Ветер выл зло и страшно, колючий снег жег холодом Степины щечки. Он не плакал, а тихонько скулил от страха, крепче сжимая мамину руку. Таня остановилась и крепко чмокнула его в щеку, и Степе стало легче и веселее. Он старательно семенил за мамой и сестрой через буран. Но тут Степа оступился – в речной лед вмерзла коряга, за которую он зацепился валенком. Степа растянулся во весь рост и больно ударился носом об лед: здесь, на середине реки, сугробов не было – сильный ветер сметал со льда падающий снег. Степа опять заплакал. Когда он падал, его рука выскользнула из маминой. В отчаянии Степа закричал: «Мама-а-а!» Но мамы не было, Тани тоже не было, только злой ветер страшно выл вокруг. Он встал на четвереньки и попытался подняться. На скользком льду встать было очень трудно, но у него получилось. Осторожно он двинулся вперед, туда, где последний раз видел маму.
Тень промелькнула за Степиной спиной и опять скрылась в буране. Степа уже не плакал: его охватил такой страх перед бескрайней ночью, которая нависла над ним, маленьким и беззащитным, что у него больше не было сил плакать. Медленно передвигая короткими ножками, он шел сквозь снег вперед. На секунду Степе показалось, что он увидел впереди мамин силуэт, и он побежал. Но лед коварен, лед не жалеет маленьких мальчиков, которые так неосторожно бегают по нему: Степа поскользнулся, упал, проехал метр на лице. Он поднял голову, из разбитого носа на чистый лед капала кровь. Степа собрался подняться и бежать дальше, он был уверен, что мама и Таня где-то рядом, они не могут его бросить, он же любимый мальчик. Подо льдом что-то проплыло, и Степа остановился, смахнул со льда снежную порошу и пригляделся: из-под воды на него немигающими голубыми глазами смотрела его сестра. Секунда, и течение подхватило ее тело и понесло к морю, туда, куда уже медленно плыло, стукаясь иногда головой об лед, мертвое тело мамы. Степа прижался лицом к холодному бездушному льду и завыл.

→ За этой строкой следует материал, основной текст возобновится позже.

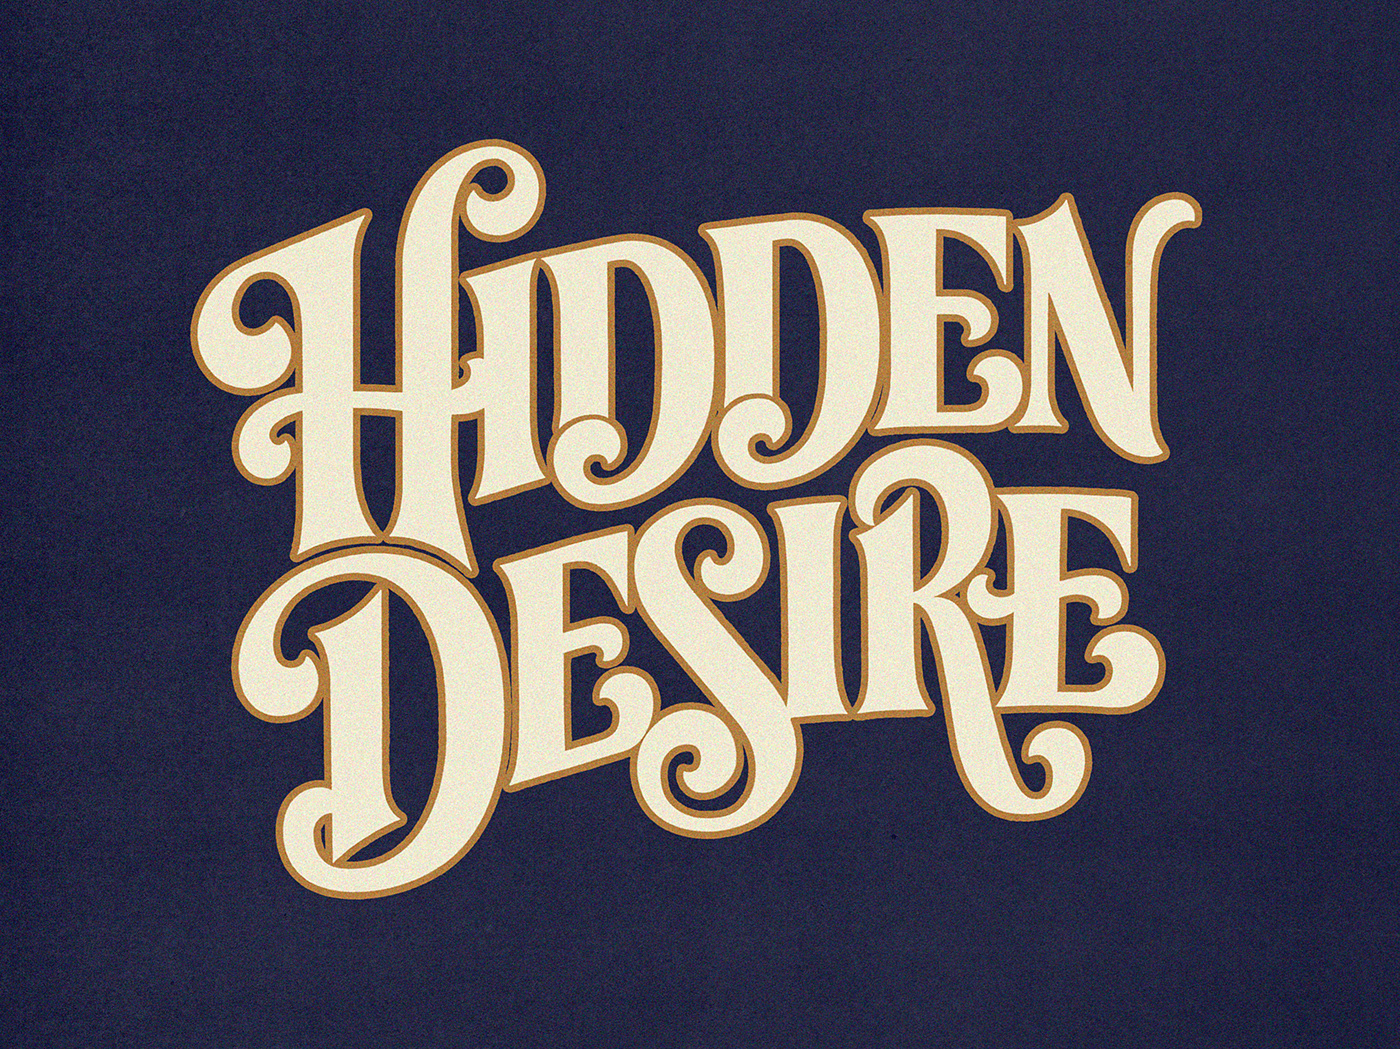 hidden desire

В других обстоятельствах, думал Степа, он бы никогда не уговорил сварливого Фомича ему помочь. Старик сыпал ругательствами и проклятьями, требовал, чтобы Степа делал то, что ему было велено, кричал, что времени у них совсем нет, что, кстати, было правдой, но в итоге сдался под уверенным Степиным натиском. В конце концов, он Тень – его ответственность. Не последнюю роль сыграло и обещание Степы непременно нажаловаться на Фомича царевне, если тот не окажет ему всяческую помощь и содействие.
Фомич развернул лошадь, и они сравнительно быстро домчались до скромного трехэтажного особняка. Степа слез с коня и направился вслед за Фомичом к парадному входу, который, как ни странно, вел совсем не внутрь: за красивыми деревянными дверьми начиналась непомерных размеров витая лестница, уходившая куда-то ввысь. Фомич вместо объяснений пробурчал, что здание это бывшего московского долгауза, сумасшедших тут лечили, и это кратчайший известный ему путь к Матросской Тишине.